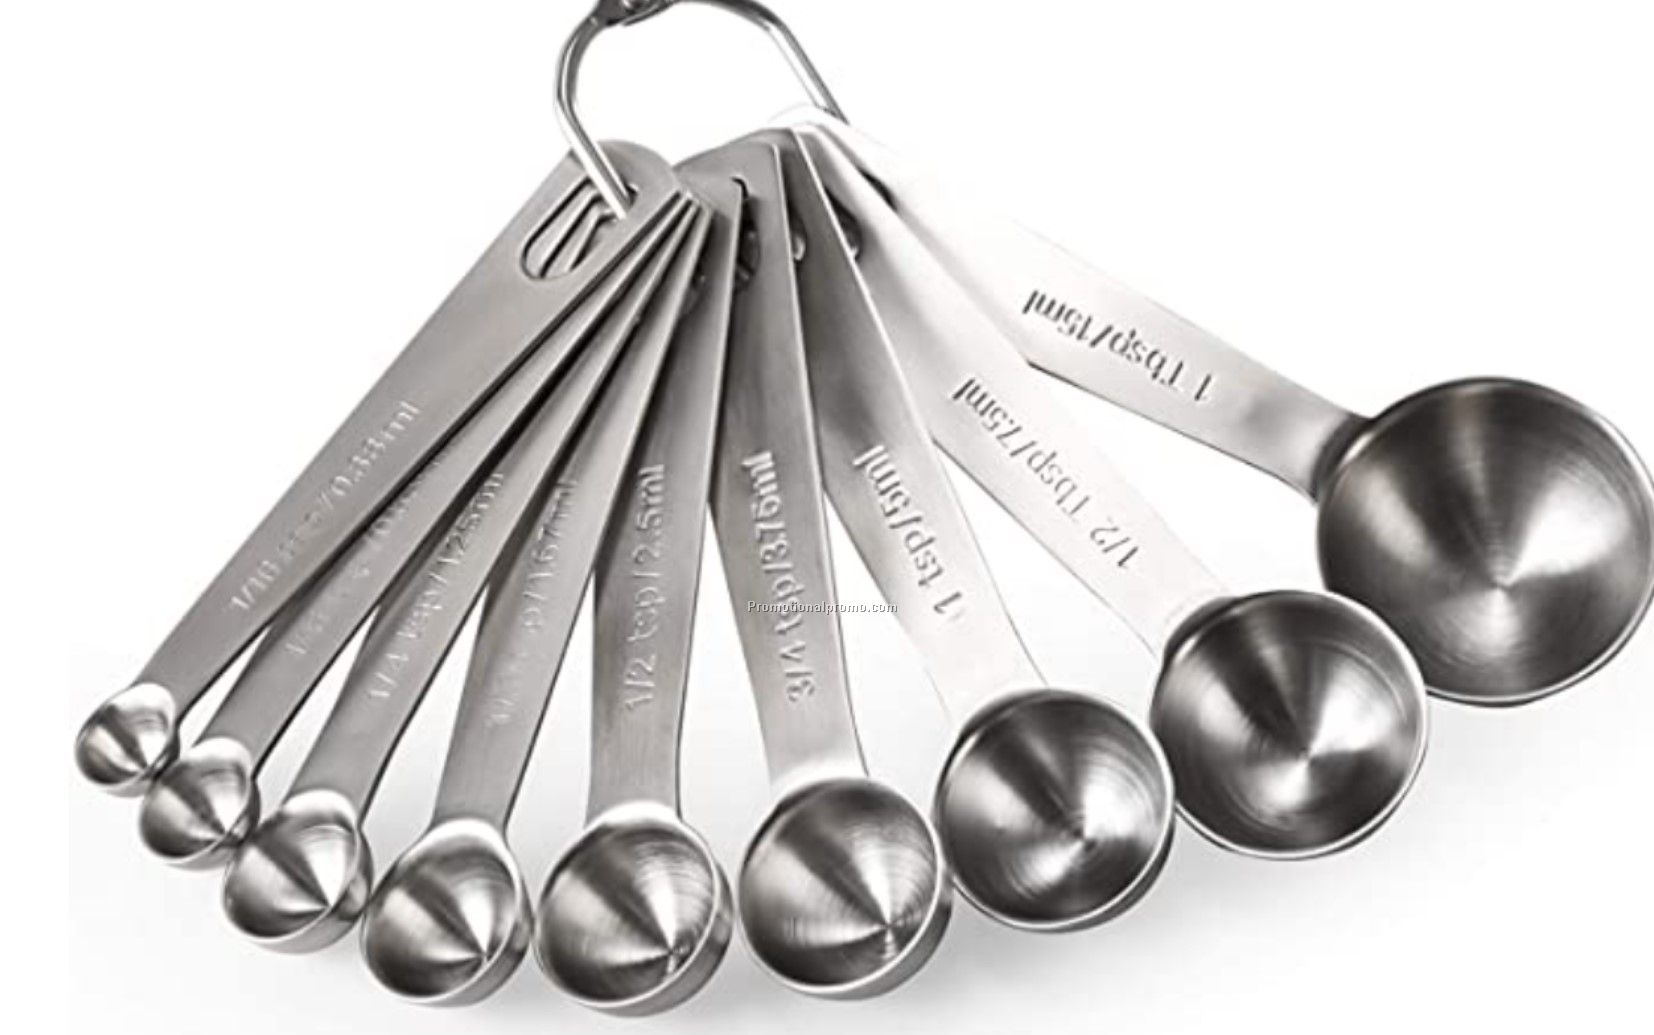 Baking Tools Baking Scale Stainless Steel Measuring Spoon Set High Quality 9 piece Stainless Steel Measuring Spoon
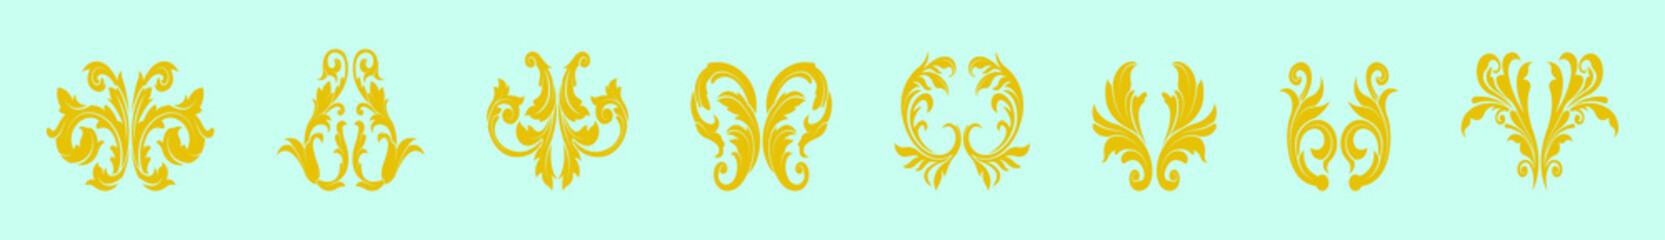 Set of golden vintage baroque ornament cartoon icon design template with various models. isolated on blue background
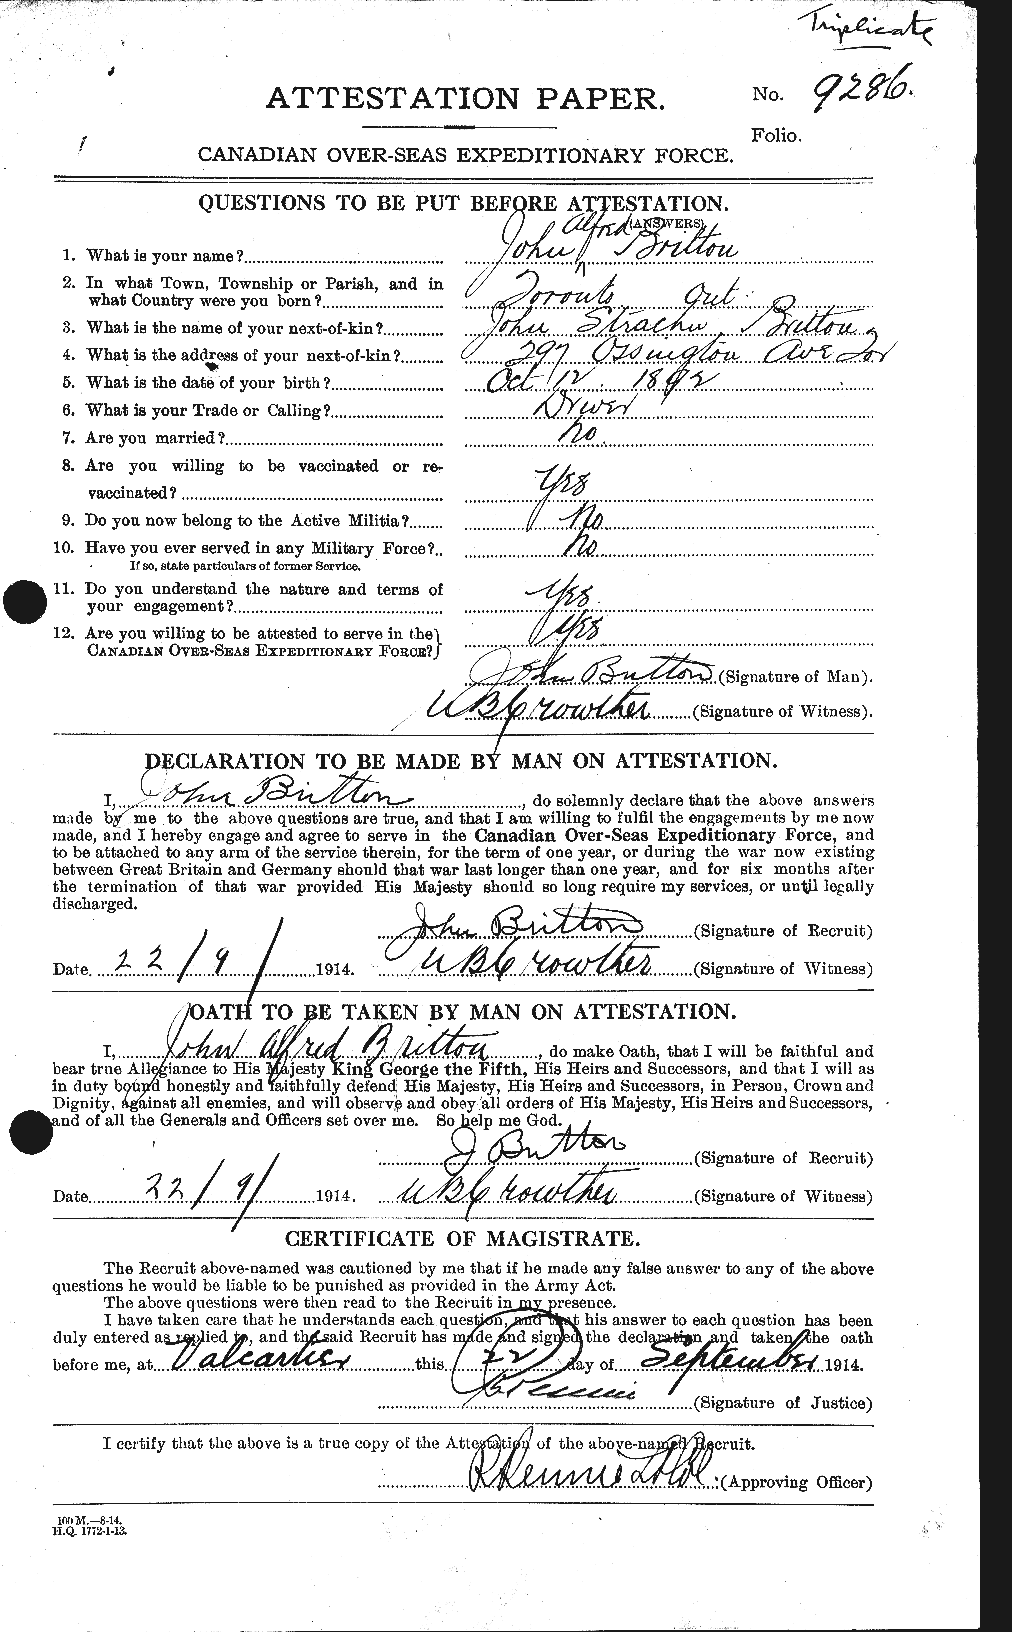 Personnel Records of the First World War - CEF 261946a
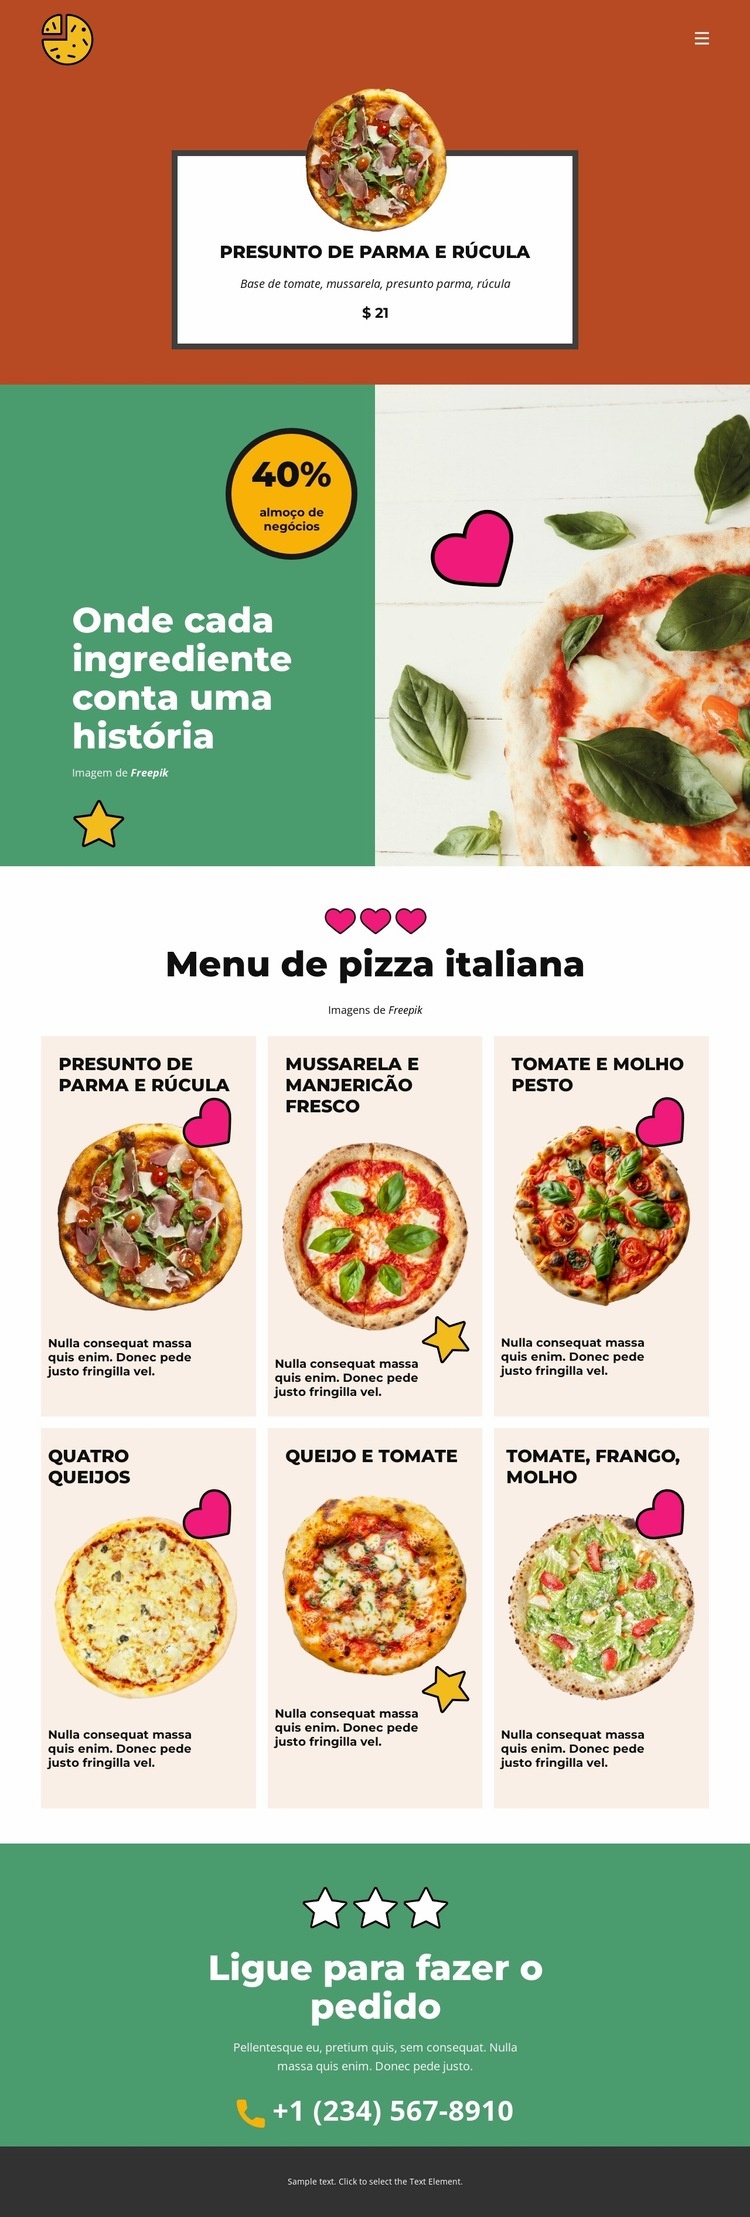 Fun Facts about Pizza Modelo

▶ **EXERCISE DETAILS**: Your task is to retype exactly, and only, the lines from the one that holds "Personnel Records of" through the end of the listing, both end lines included, without any pictures.

▶ **SOLUTION FOR THIS TASK**:
 Personnel Records of the First World War - CEF 261946a
 Fun Facts about Pizza Modelo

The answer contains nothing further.